Personal details
- Born: June 21, 1965 Ocala, Florida, US
- Died: March 31, 2004 (aged 38) Fallujah, Iraq

Military service
- Allegiance: United States
- Branch/service: US Navy
- Years of service: 1982–1994
- Rank: Quartermaster first class

= Scott Helvenston =

United States Navy SEAL (1965–2004)

Stephen "Scott" Helvenston (June 21, 1965 – March 31, 2004) was a US Navy SEAL. He was working as a security contractor for Blackwater Security when he was killed in the 31 March 2004 Fallujah ambush within days of arriving in Iraq.

Helvenston was a personal trainer for Hollywood celebrities such as Demi Moore (for G.I. Jane), and was also featured in the reality shows Combat Missions and Man vs. Beast (in the latter, he completed an obstacle course faster than a chimpanzee). He also starred in a reality series called Extreme Expeditions: Model Behavior months before he left for Iraq. The series was shot in Mexico and was finished, but never aired.

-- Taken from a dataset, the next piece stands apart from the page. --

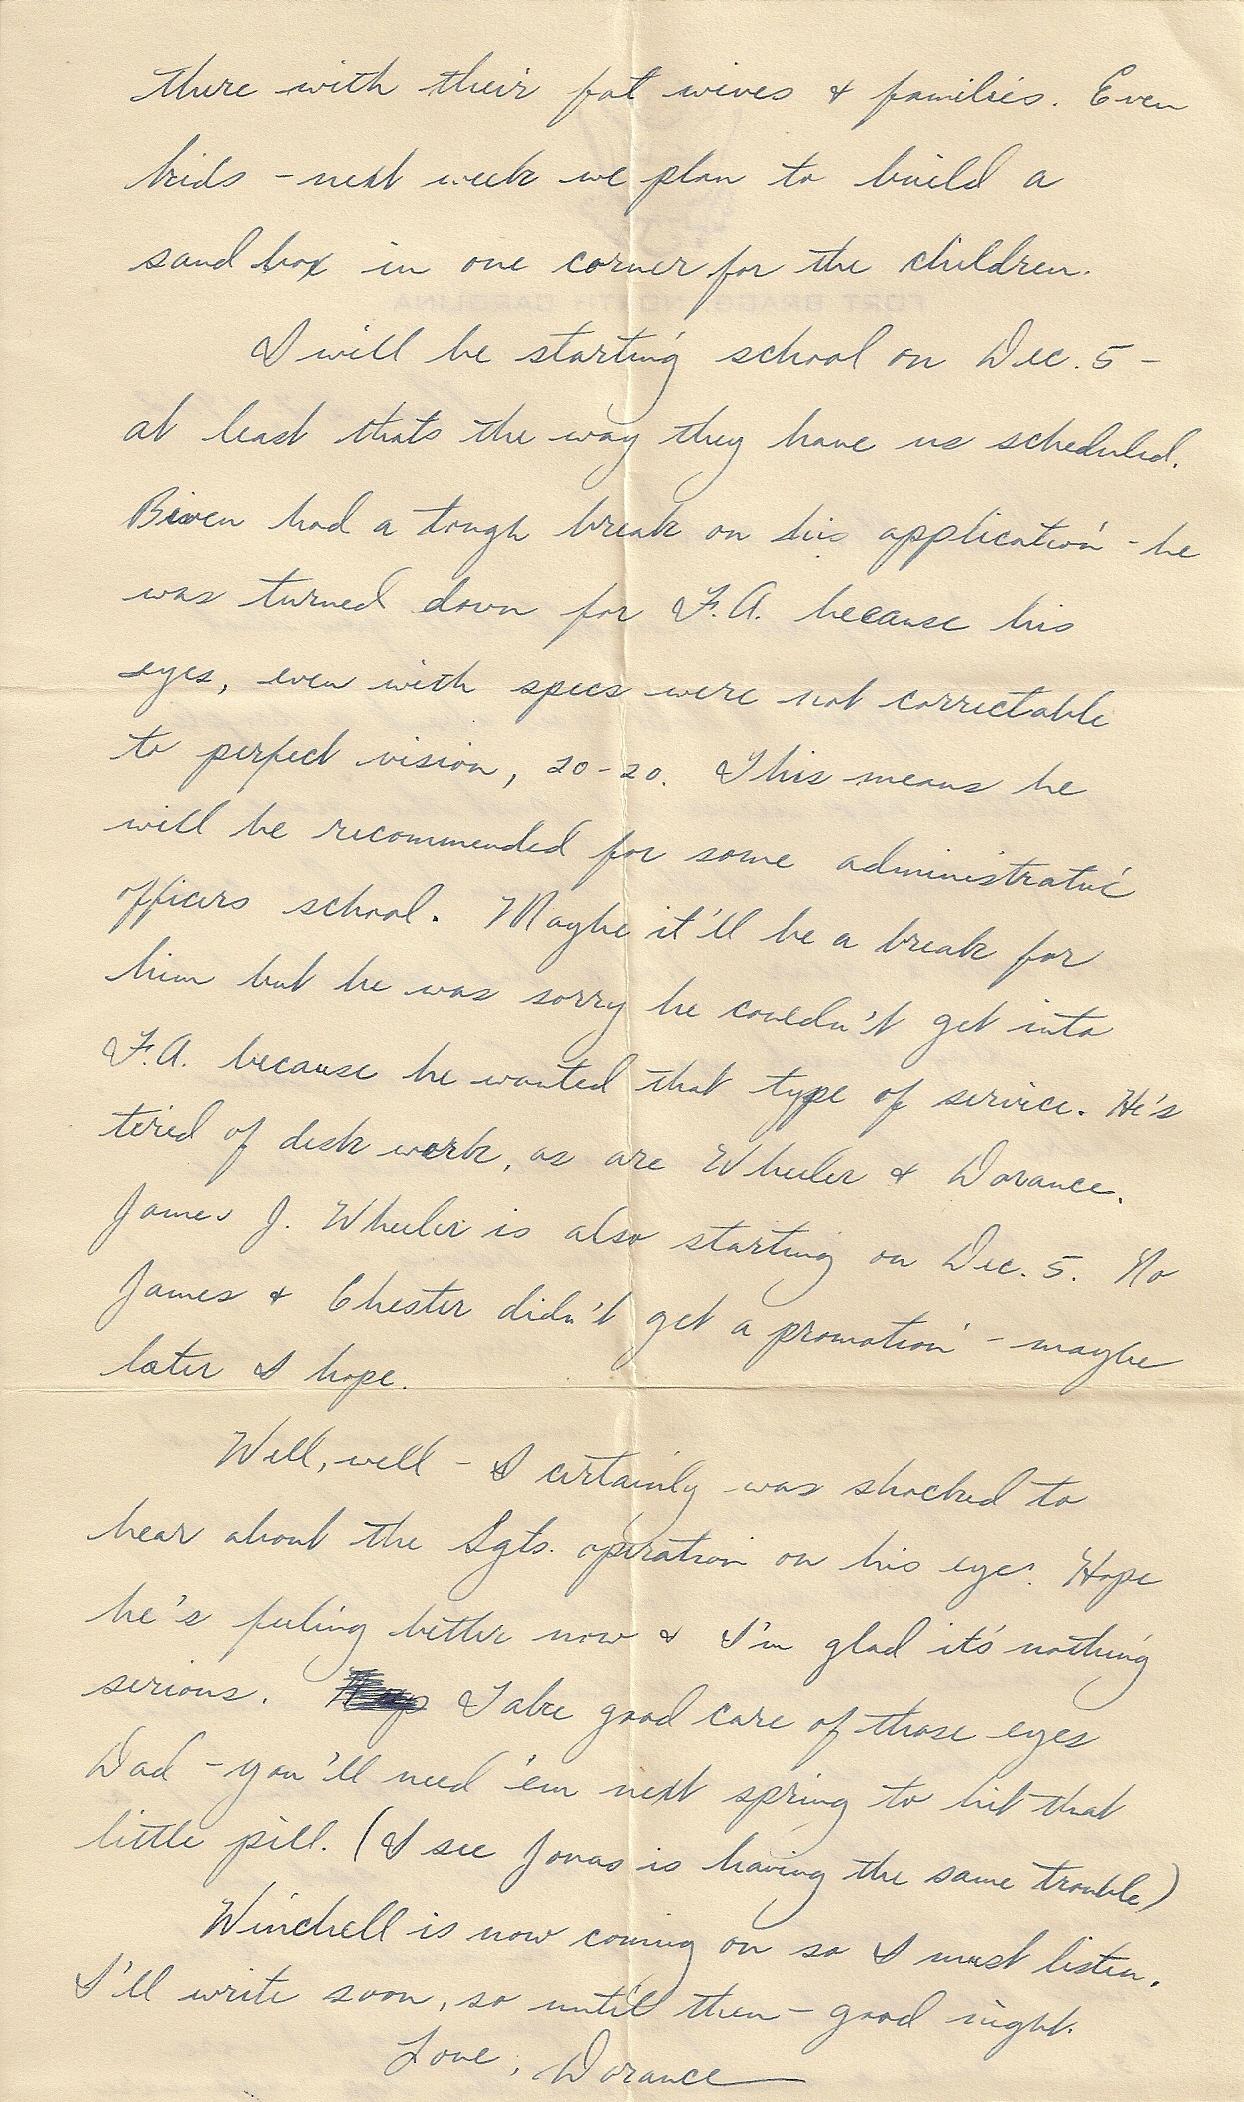 11.22.1942c.jpg

Helvenston's great-great-uncle was Secretary of War Elihu Root.

Helveston joined the Navy at 17 and received orders to Basic Underwater Demolition/SEAL training (BUD/S) at Naval Amphibious Base Coronado. He became the youngest person to complete Navy SEAL training. He graduated with BUD/S class 122 in 1983 and then attended Basic Airborne School at Fort Benning, Georgia. Following SEAL Tactical Training (STT) and completion of six month probationary period, he received the Navy Enlisted Classification (NEC) 5326 as a Combatant Swimmer (SEAL), entitled to wear the Special Warfare insignia. He spent 12 years in the Navy SEALs until he left in 1994 as an E-6 (Quartermaster First Class).

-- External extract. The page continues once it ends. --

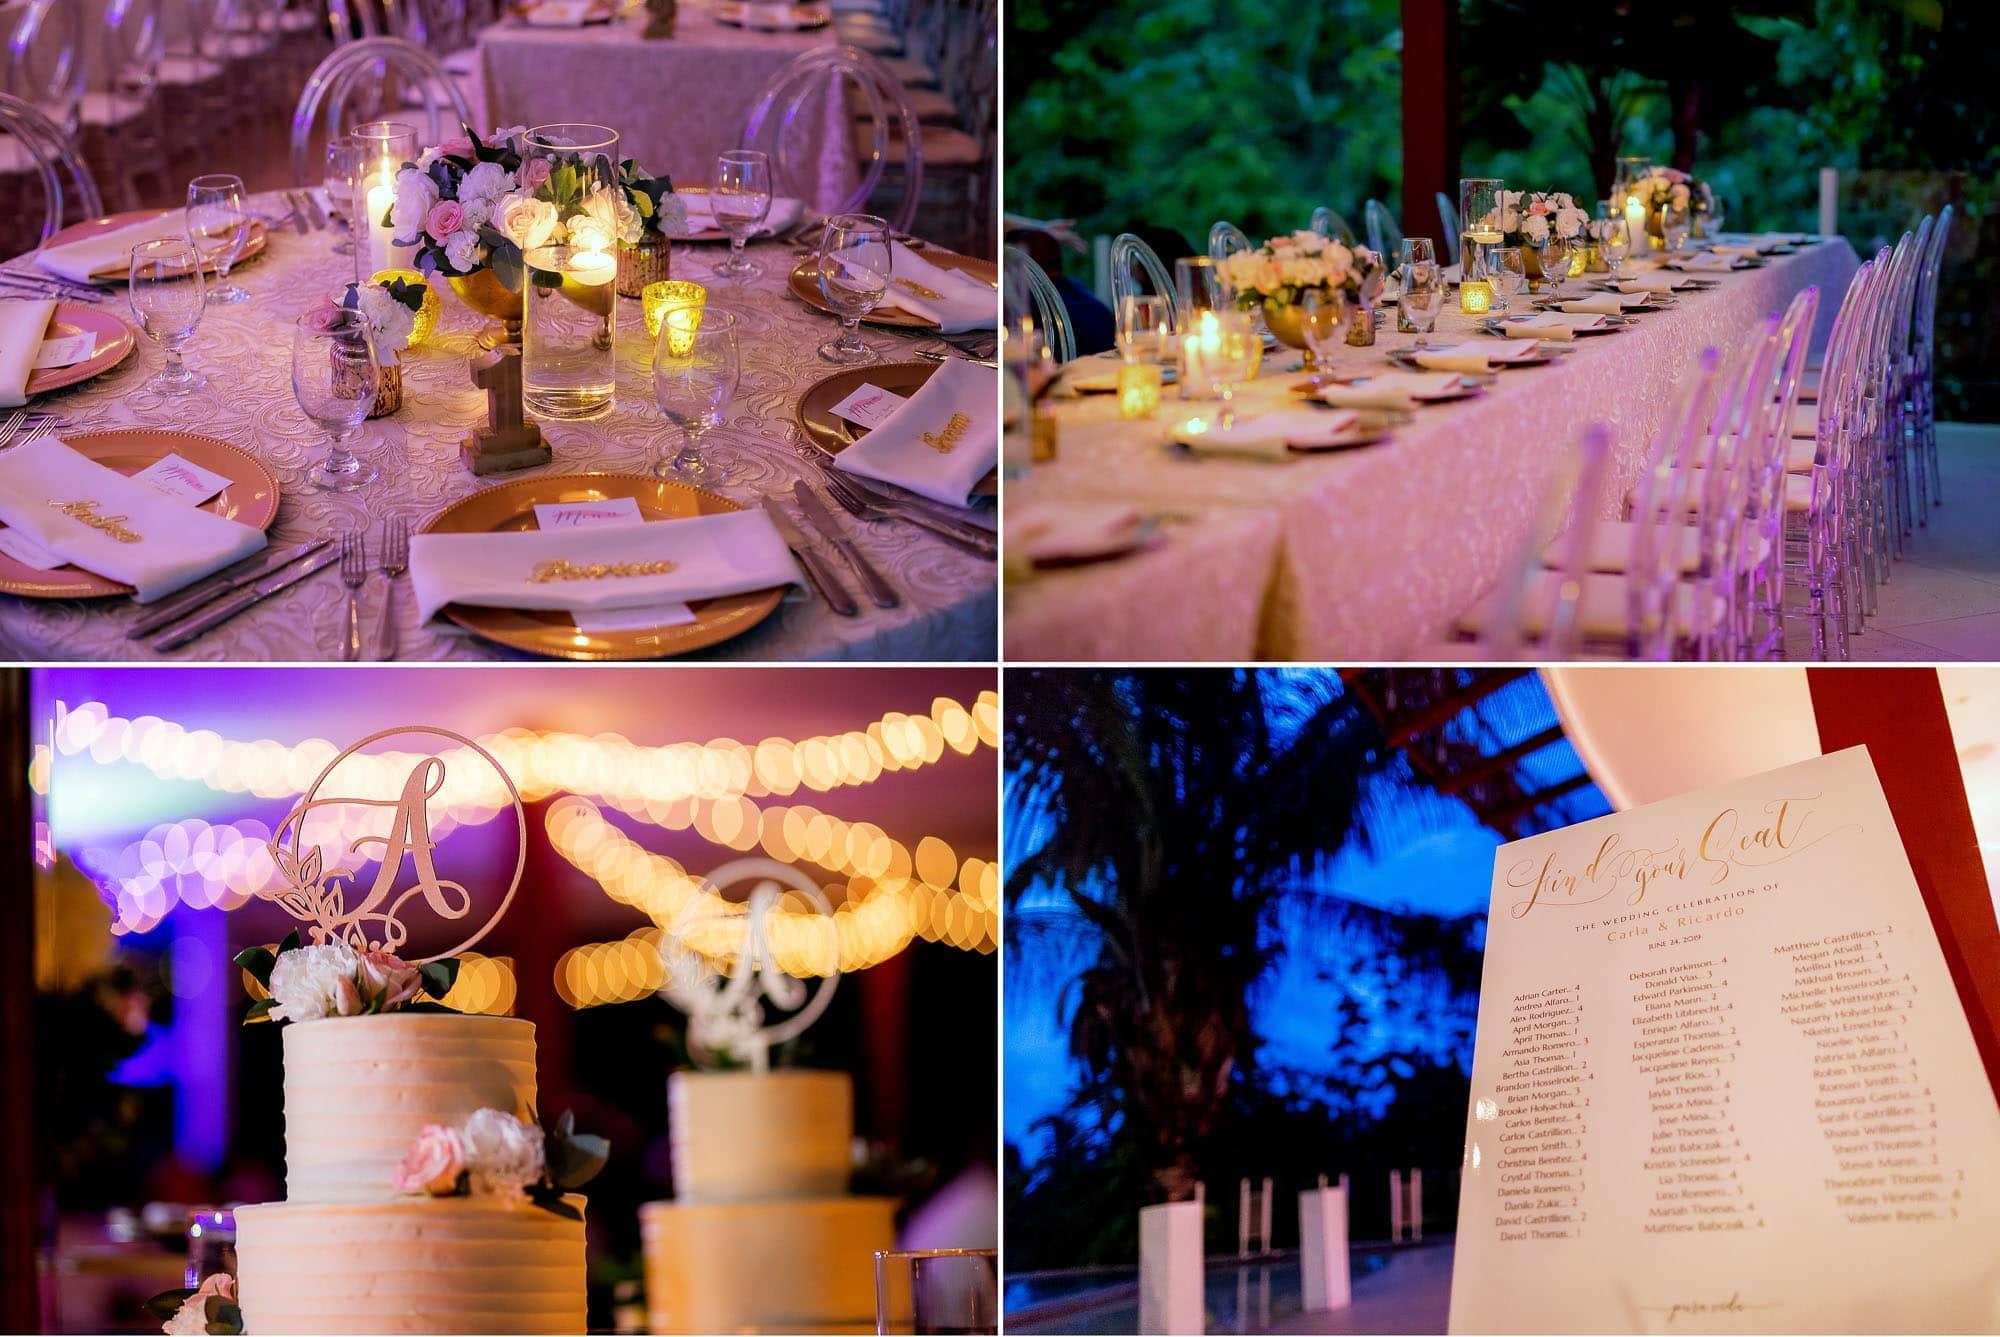 Wedding venue ideas: closeups on the details

Helvenston began training at Blackwater USA's facilities in March 2004, and developed a personal conflict with head trainer Justin "Shrek" McQuown. Helvenston arrived in Kuwait on March 18, where he was under the management of John and Kathy Potter, whom he knew from Combat Missions.

==Contract==
Employee John Potter had helped Blackwater Security (since renamed Academi) win the contract to provide security for kitchen equipment convoys for the Kuwait company Regency Hotel and Hospital Company and Eurest Support Services (ESS was a subcontractor of Halliburton KBR). The contract billed Regency $815 a day; Helvenston and the other contractors were paid $600 a day.

The original contract called for at least three men per vehicle on security missions "with a minimum of two armored vehicles to support ESS movements". In addition, the contract called for a heavily armed rear gunner, and time before any mission to review the route and conduct a risk assessment and pre-trip inspection.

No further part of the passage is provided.